__DATASET SECTION__.
□ □ □

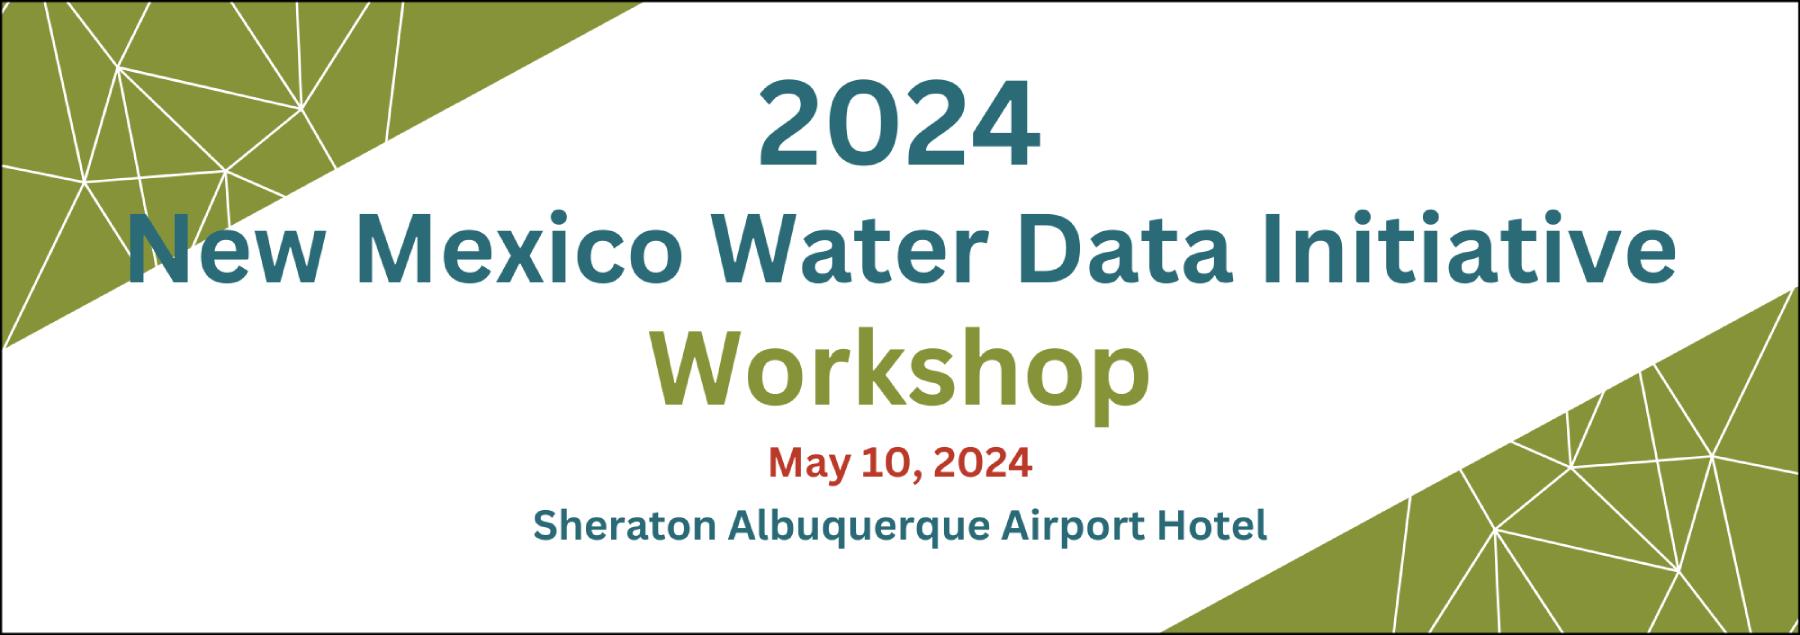 New Mexico Waterdata Initiative Workshop 2024
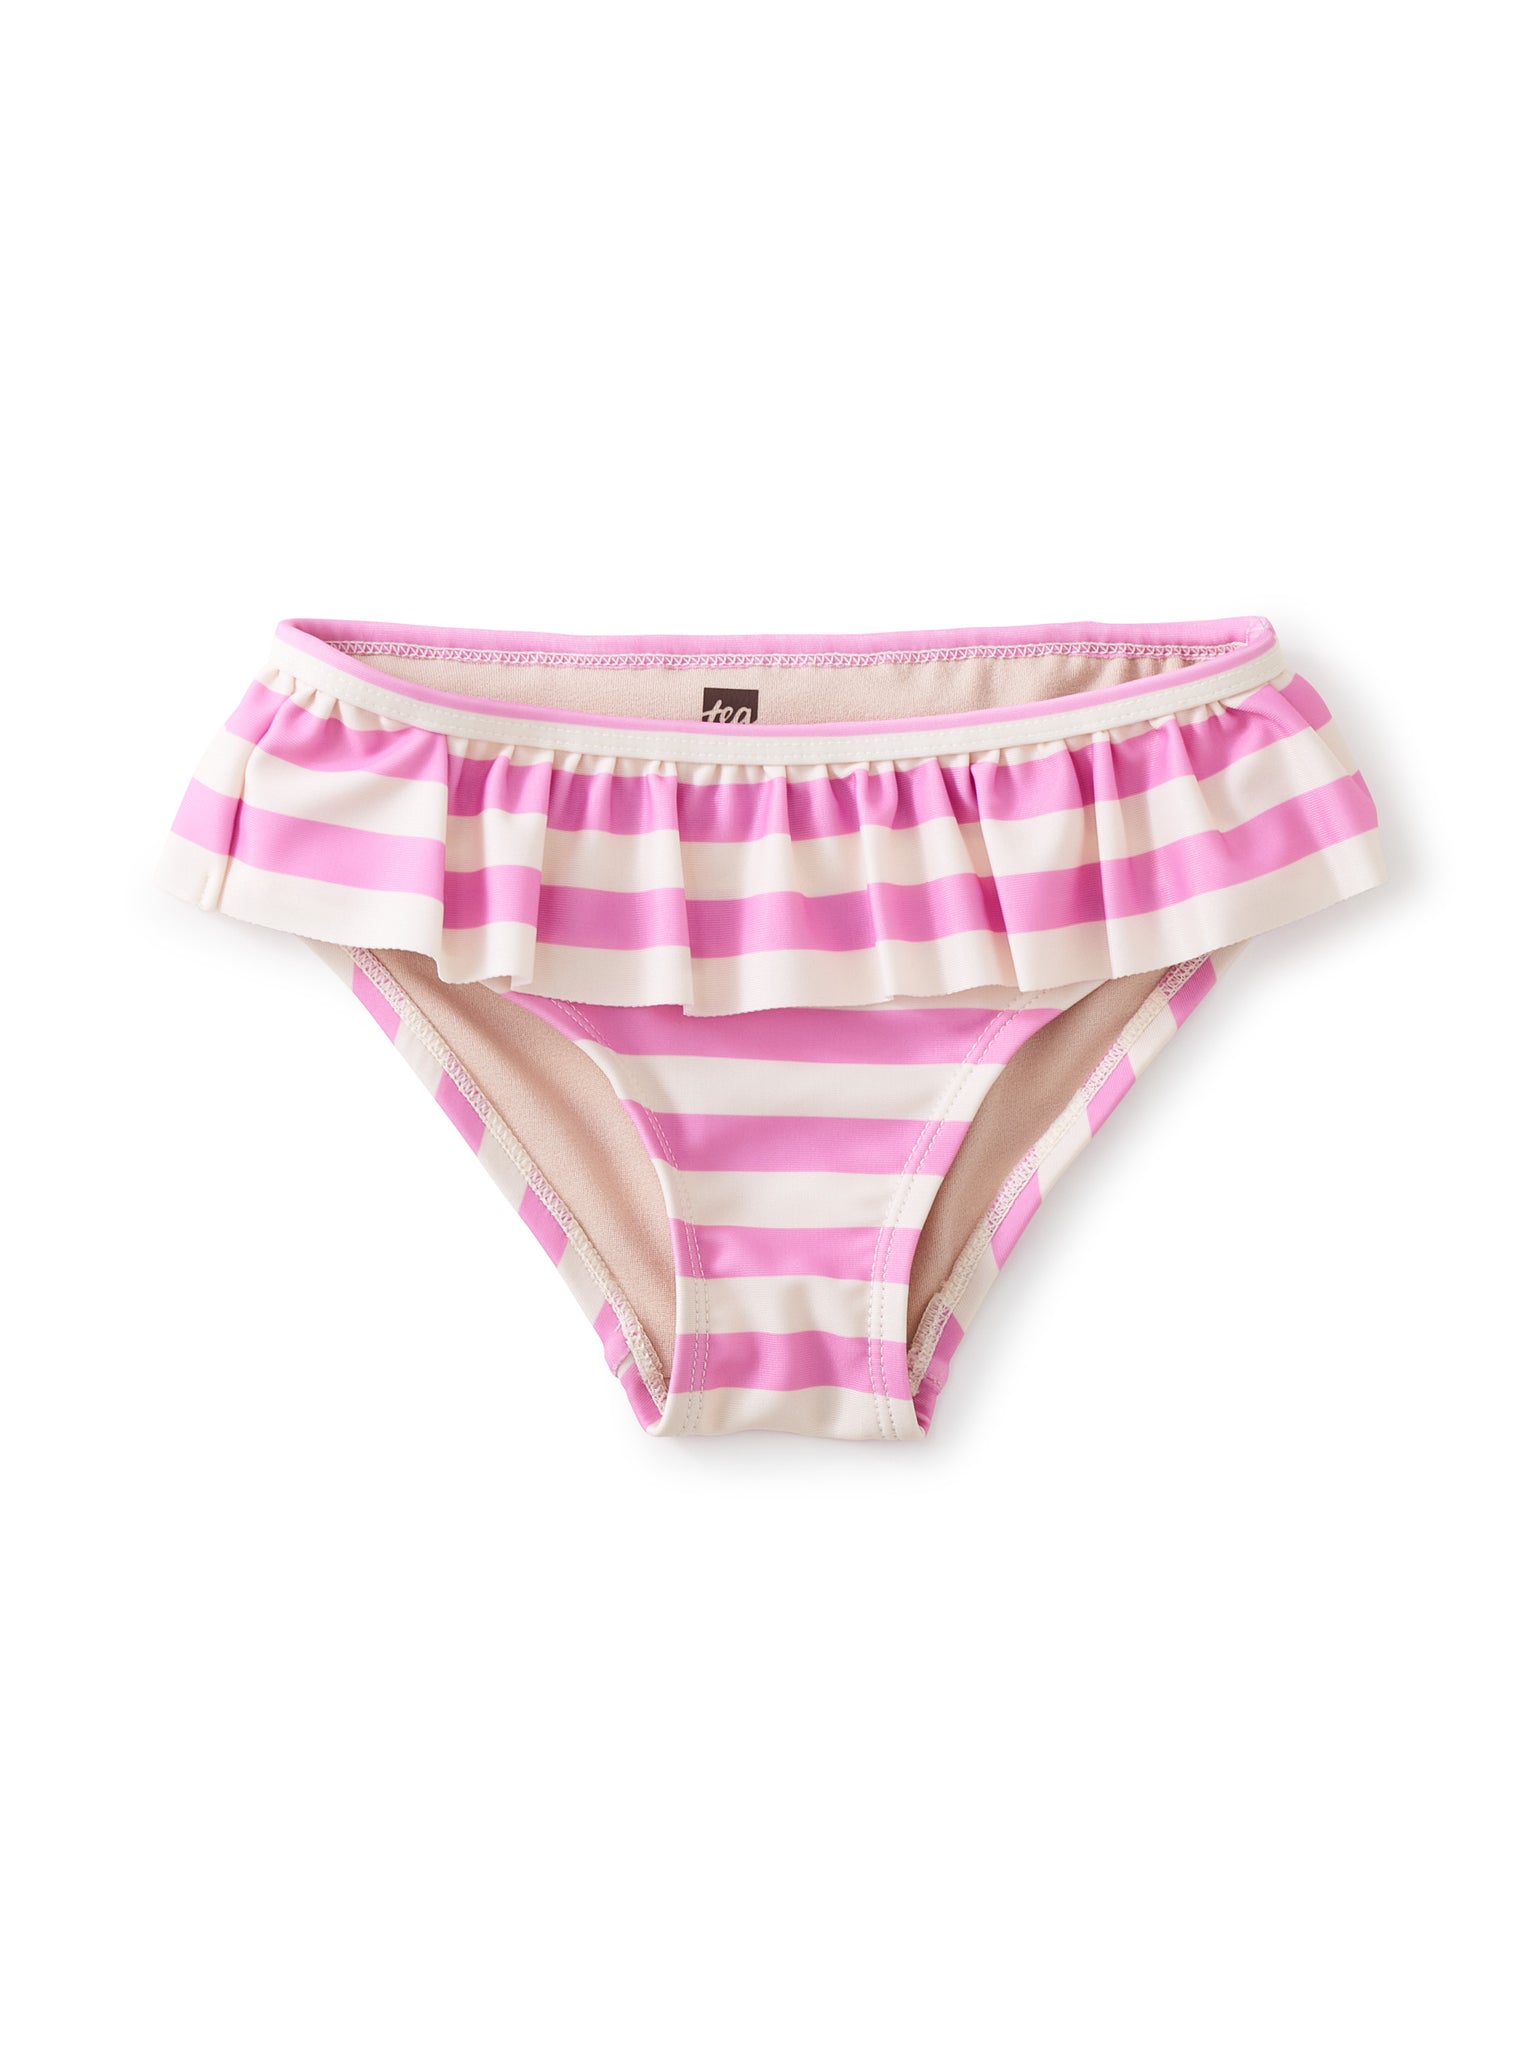 Young Girls Bottom in Pink Bikini Stock Image - Image of panties
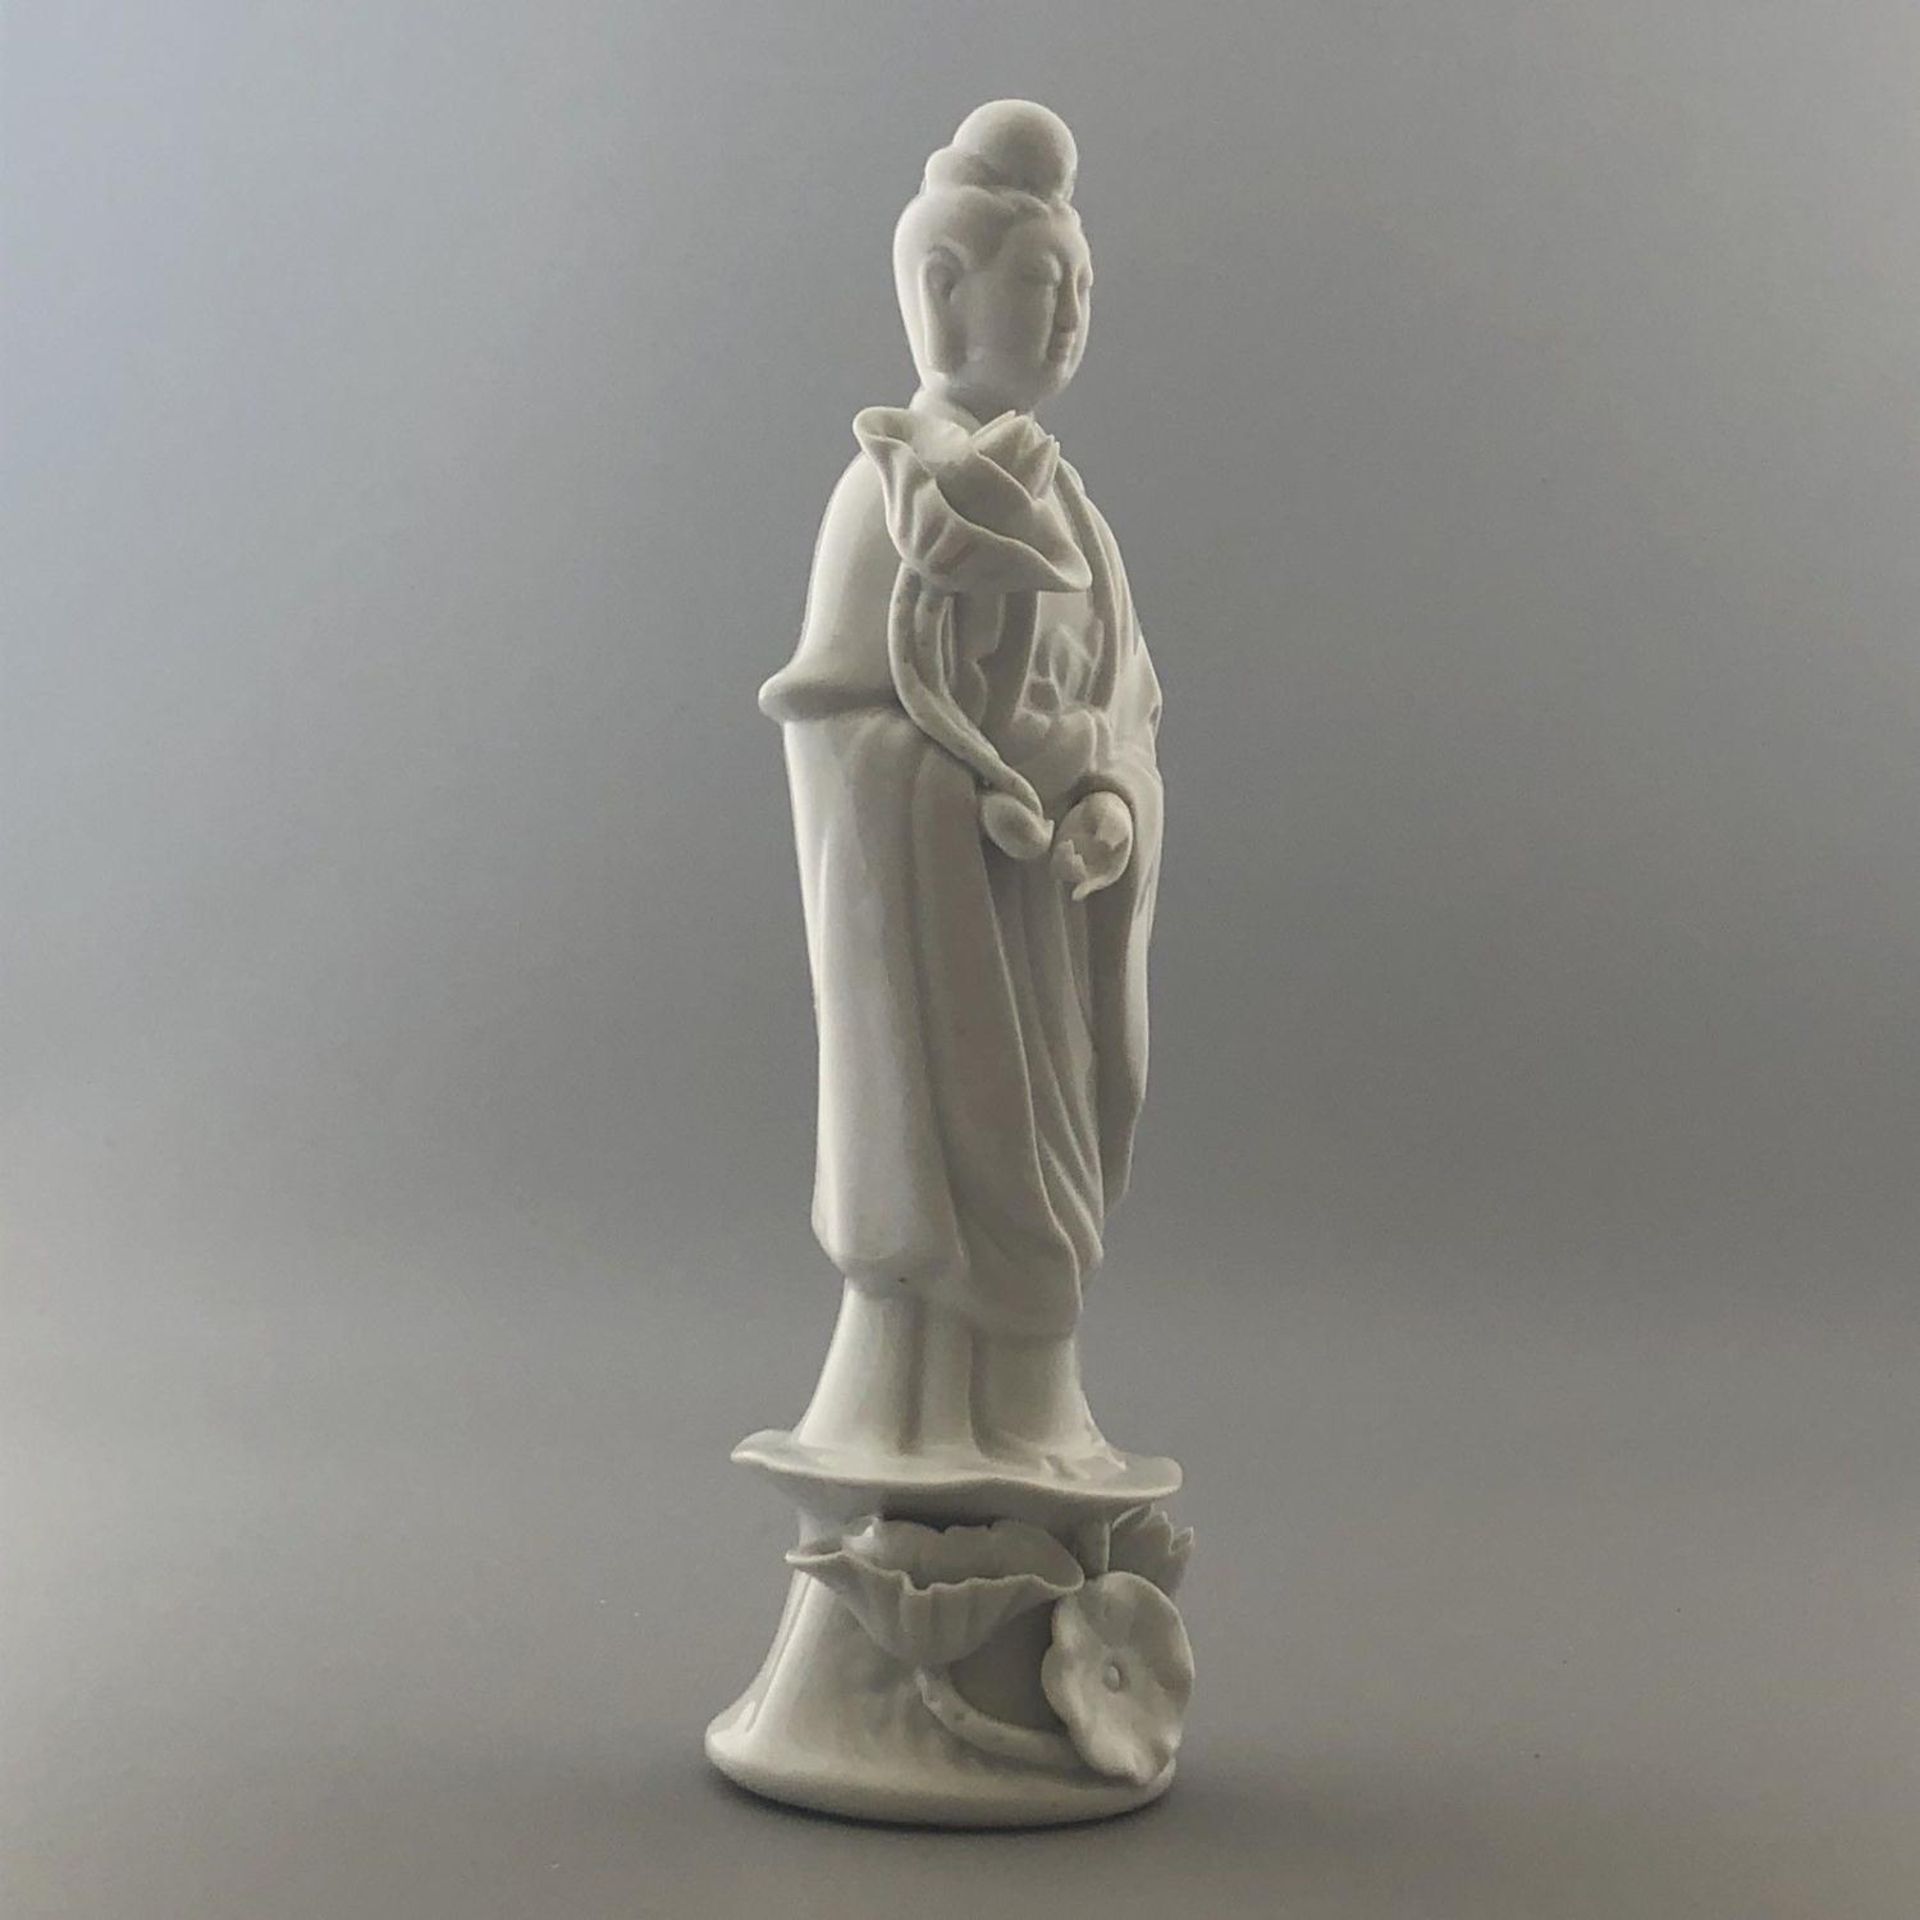 Old Antique Chinese Porcelain Figurine - Blanc de Chine - Guan Yin Lotus Flower - Image 2 of 9

□ □ □

__ASSIGNMENT__. If pictures appear in the data, do not print them; repeat the rest exactly.

__WRITTEN RESPONSE__.
 New Mexico Waterdata Initiative Workshop 2024
 Young Girls Bottom in Pink Bikini Stock Image - Image of panties
 Old Antique Chinese Porcelain Figurine - Blanc de Chine - Guan Yin Lotus Flower - Image 2 of 9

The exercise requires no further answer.